Our closest friends met us at the birth center, two of whom were expecting, and the other two who had photographed Apolline’s birth. At the door we met Sharon and a nurse, Rochelle, whom I had known since my pregnancy with Apolline and whom I love dearly. Our mothers were on their way and at that point I was sure they would arrive before Lou was born. So many strong women surrounded us and I took such comfort in that. We wanted Apolline present for the birth, but we were very concerned about how she would respond to the situation. She slept for a while, and when she woke she ran across the room to me and I held her as long as I could before another contraction began. She was so sleepy and sweet and I couldn’t help but hold tightly onto my first-born and rest in those last moments before Lou arrived. For the next hour and a half I labored steadily. We talked and laughed and it felt like an intimate party. Apolline was a little light flitting about the room and she gave me a beautiful reminder of the strength I had and what I was laboring towards. I asked my midwife to check me again around 4:30 and I was at a 7. At this point my contractions came faster and stronger and Sharon suggested I move into the tub.

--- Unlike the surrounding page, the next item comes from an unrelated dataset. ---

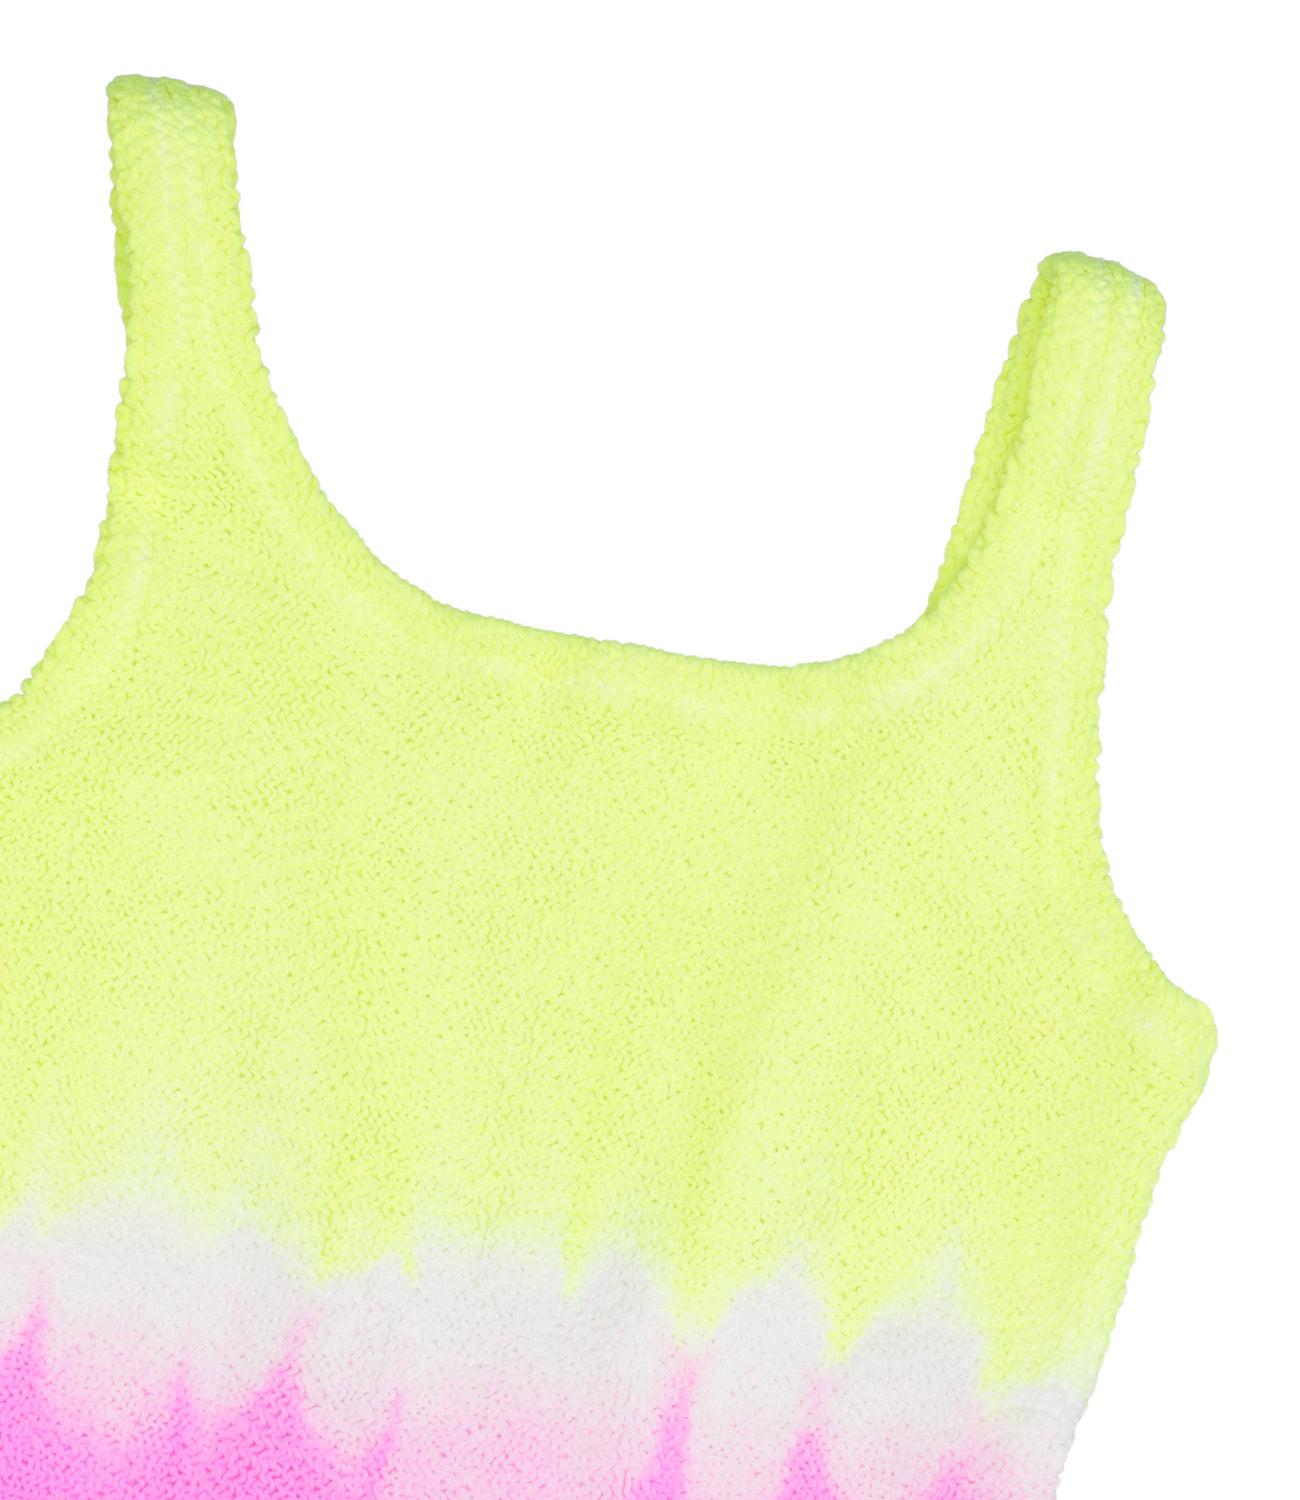 MC2 Saint Barth Kids | Yellow and Fuxia One-piece Swimsuit

As I settled into the tub I began to push with each contraction. Things were very intense and I felt out of control, but Sharon and Rochelle comforted me and placed their trust in my body. A friend of mine had told me about a birth story she read in which the mama repeated to herself “you are getting so big” and I focused on that. I focused on opening and growing and surrendering to my body and my baby’s movement through me. At one point I remember thinking “How do I get out of this?” and that’s when I felt her come through. My water hadn’t broken yet and Sharon said to me “Your baby will be born en caul,” and I broke from a push to laugh. Soon after she shot out and it felt nothing like Apolline. I caught her and pulled her to my chest as they eased the veil of her sac off her face and she was just…she was beautiful. I held her close and sank into Jack as I cried in relief. She didn’t look anything like I expected. She had this tiny nose and her lips were full and swollen from moving so quickly through the birth canal. She wasn’t breathing well but her gaze was steady and when her eyes met mine I felt a great wave of peace wash over me. I birthed her placenta and moved to the bed where Apolline met us and wanted to nurse. She latched and pet me softly and brought me back to myself. She began to heal me physically as my empty uterus contracted and mentally as I settled into old patterns. Our mothers had arrived at the same time, moments after Lou. The room was open and warm and so full of love. I gazed at Jack in awe as I held my two girls. That moment is so complete to me; that sacred space surrounded by my entire little world.